# Which welder for beginner?



## lastminute (27 Sep 2015)

...needed for very occasional welds joining thin angle iron / small dia steel rod.


----------



## blackrodd (27 Sep 2015)

My son's got one of the professional Murex ones the trade seem to love, in the workshop, but for light work, I'm on the second Sealey Mighty Mig welder, 120 amp welds tin, car body and up to about 9 mm, I think.Brilliant tool!
I've had this one for 2 years and the previous one for 10 years, hours and hours of welding. Around £120. I think today.
Regards Rodders


----------



## Eric The Viking (28 Sep 2015)

Whatever you get, try these things:

Fit a blue 16A plug (if you have a 16A circuit available) instead of a 13A one. Mine is nominally 120A and I found that not having the 13A fuse in-line makes a big difference to the quality of the weld, as otherwise there's a dip in volts, just when you need them, i.e. when you first strike the arc).

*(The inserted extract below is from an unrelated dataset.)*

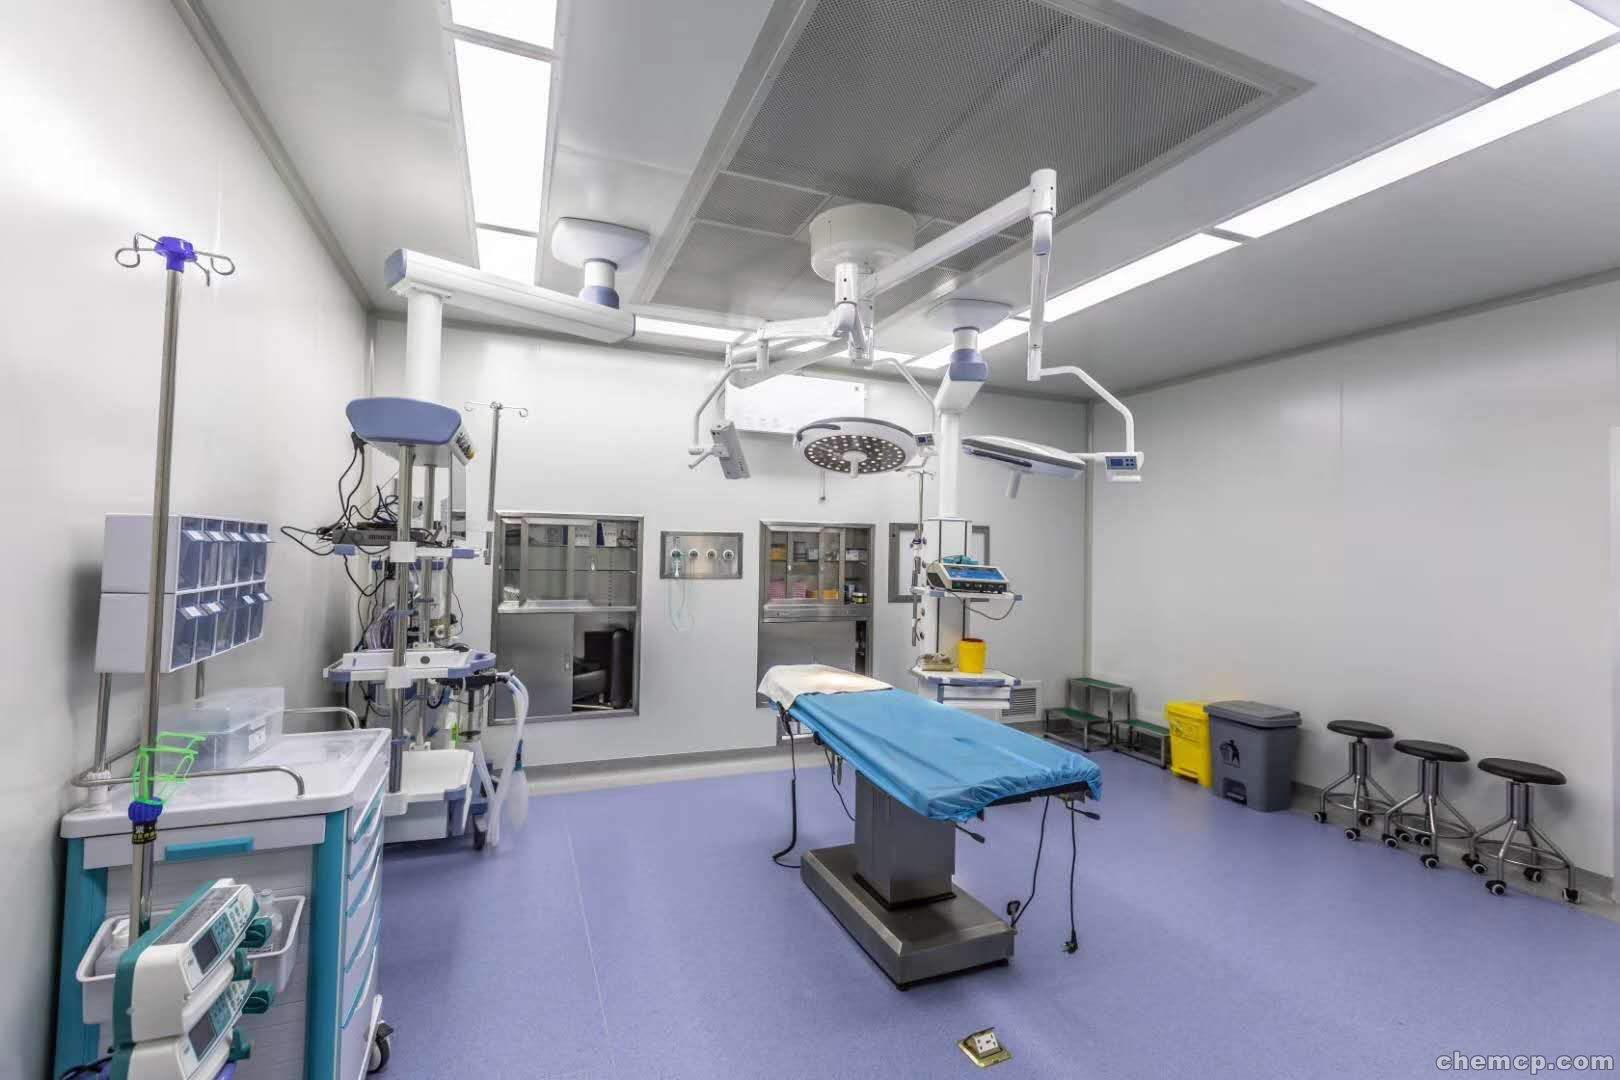 Purification design of operating room

Fit a PTFE hose liner (from Machine Mart and welding supplies people). It makes a huge difference to the smoothness of the wire feed, which again helps a lot, especially as my machine is old and the feed is a bit 'tired'.

Use "Argoshield" (Argon/CO2 mix) for mild steel, and pure Argon for other stuff, like stainless. I've used 'pub' CO2, and it spatters terribly. Argoshield makes good welds seem easy.

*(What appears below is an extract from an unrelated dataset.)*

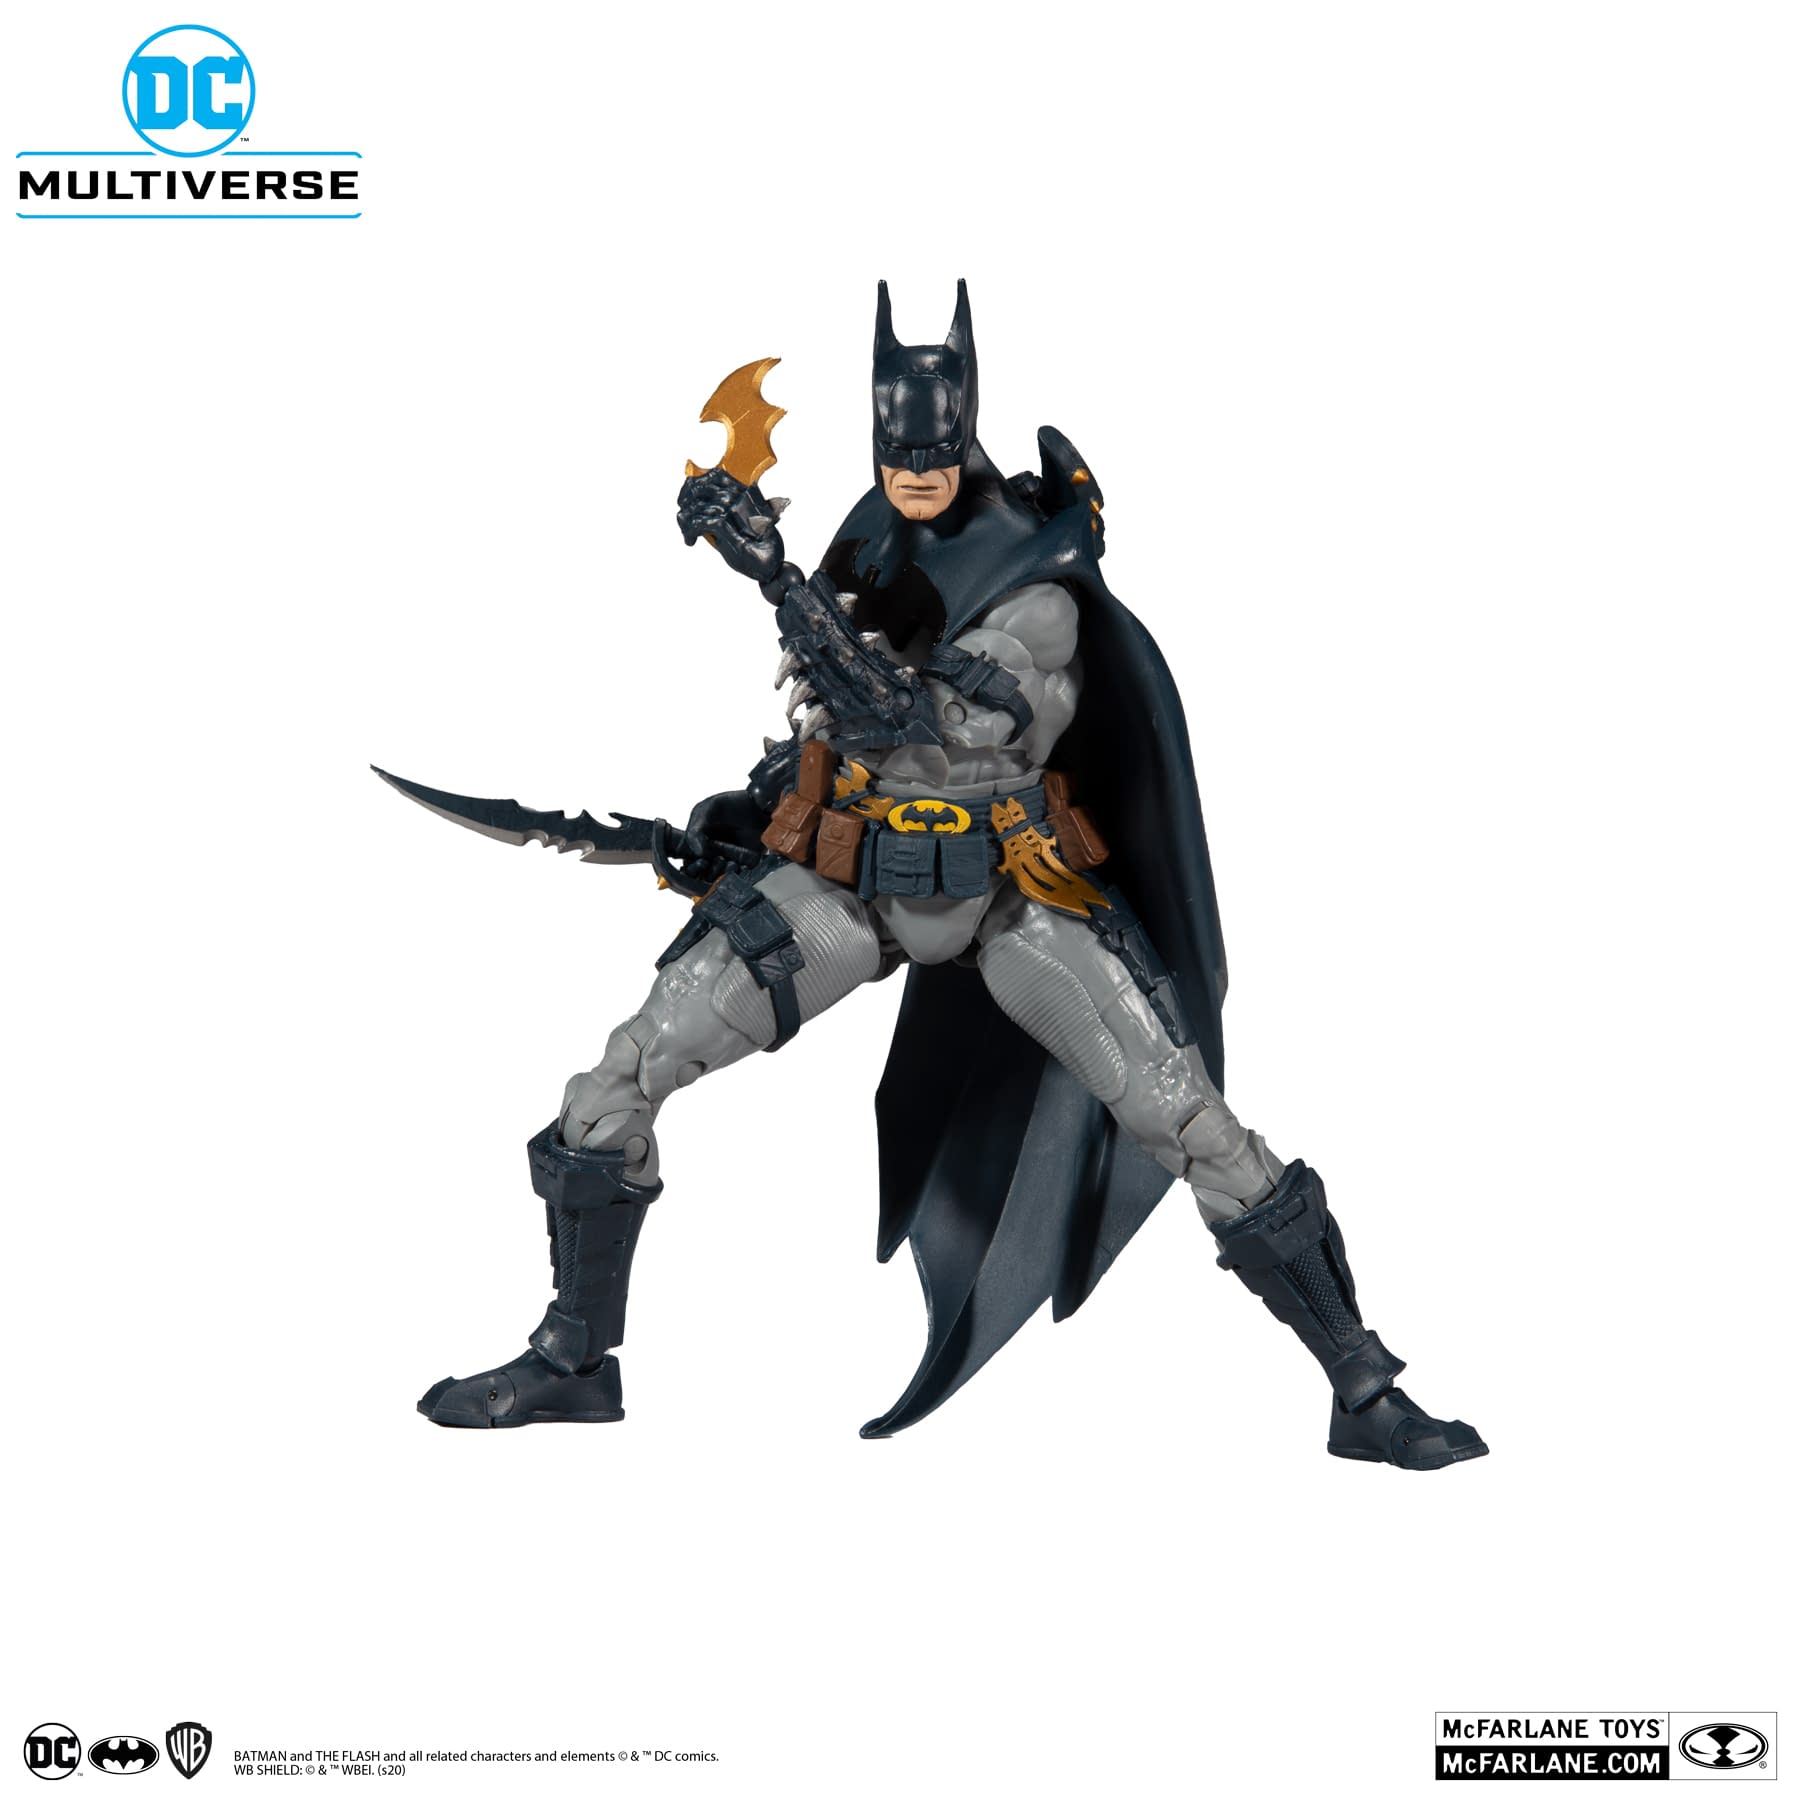 Details about   DC Multiverse 7” Batman Designed By Todd McFarlane New Sealed Toys IN HAND

Get a gas flow meter. I haven't yet, but I wish I'd done it ages ago, as it's a crucial bit of repeatability that I struggle with. I've done so little recently I've gone over to disposable bottles, and the valves for those are horribly crude inside (basically just a thick rubber diaphragm). It's next on the welding to-do list.

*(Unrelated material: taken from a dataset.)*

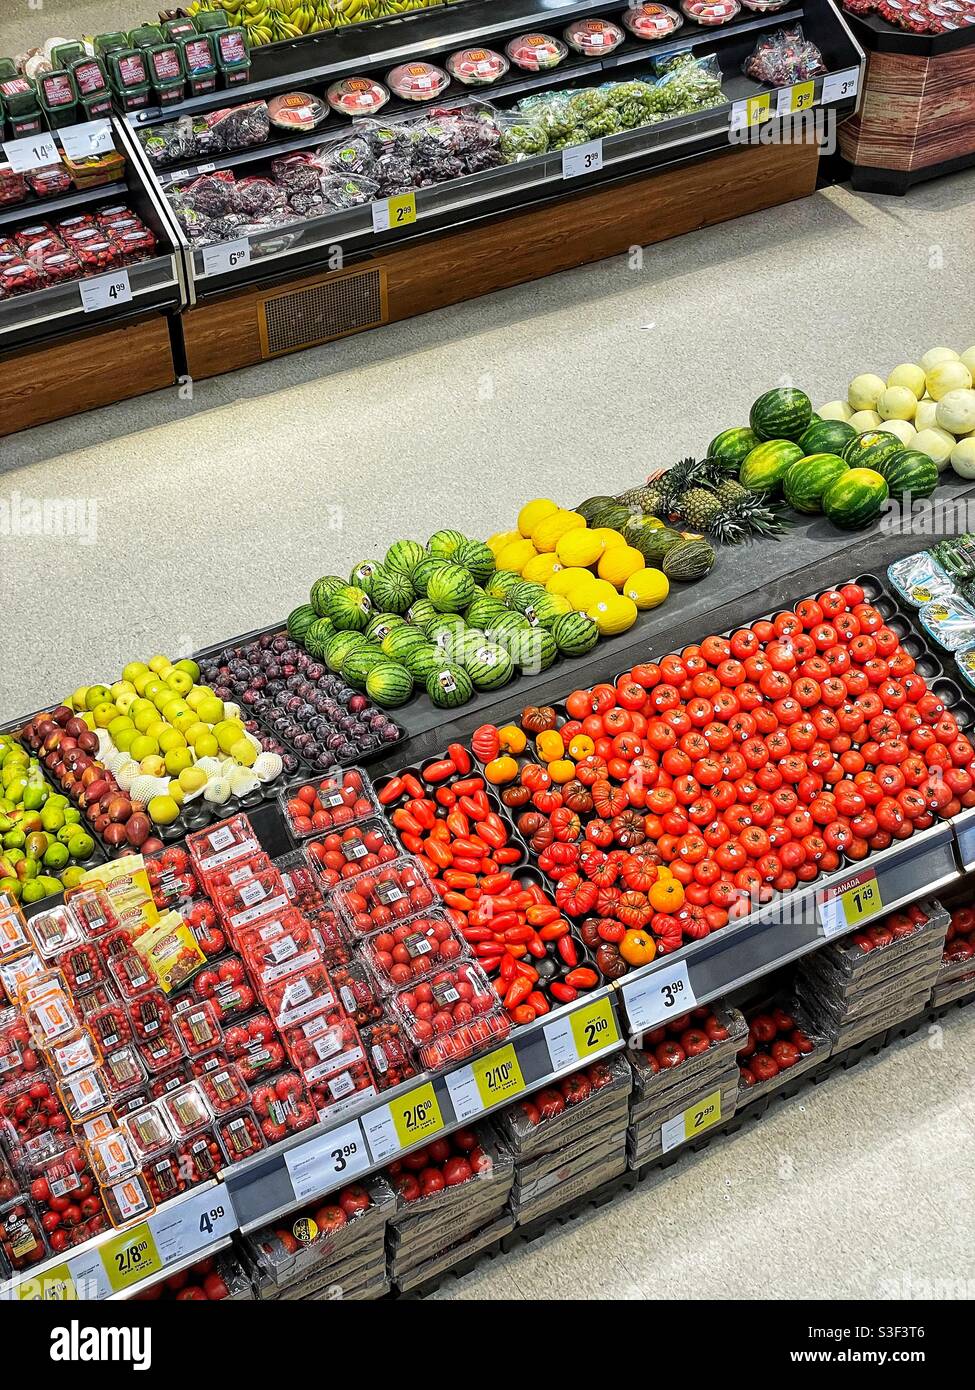 Grocery store produce section. Stock Photo

Obviously get an auto-darkening face shield! Don't know how I managed without one for so long.

E.

PS: A previous owner altered mine to eliminate the euro-connector for the hose. Crazy! I'd put it back but I haven't found an inexpensive supplier for the parts yet. Biggest reason for fitting one: damp. The welder sits unused for months at a time. I could bring the hose and torch into the warm and only fit them when needed. Far better for reliability.


----------



## dickm (28 Sep 2015)

... and don't forget Hobbygas for Argoshield equivalent. Avoid the BOC money-vacuum!


----------



## pcb1962 (28 Sep 2015)

lastminute":2f0dux5b said:


> ...needed for very occasional welds joining thin angle iron / small dia steel rod.



If you want cheap then a Mig from Machine Mart is a safe-ish bet. 
If you want something a bit more upmarket, with excellent pre- and after-sales service and support have a look at http://www.r-techwelding.co.uk/ 
I have 2 welders from them and wouldn't buy from anyone else.
You could also do a bit of research on http://www.mig-welding.co.uk/forum/ and see what people are recommending these days.


----------



## Monkey Mark (28 Sep 2015)

The one I use at home is a cheap Clarke 90 mig. Sometimes with gas, other times with gasless fluxed wire. 
For light stuff it does the job and it's cheap. 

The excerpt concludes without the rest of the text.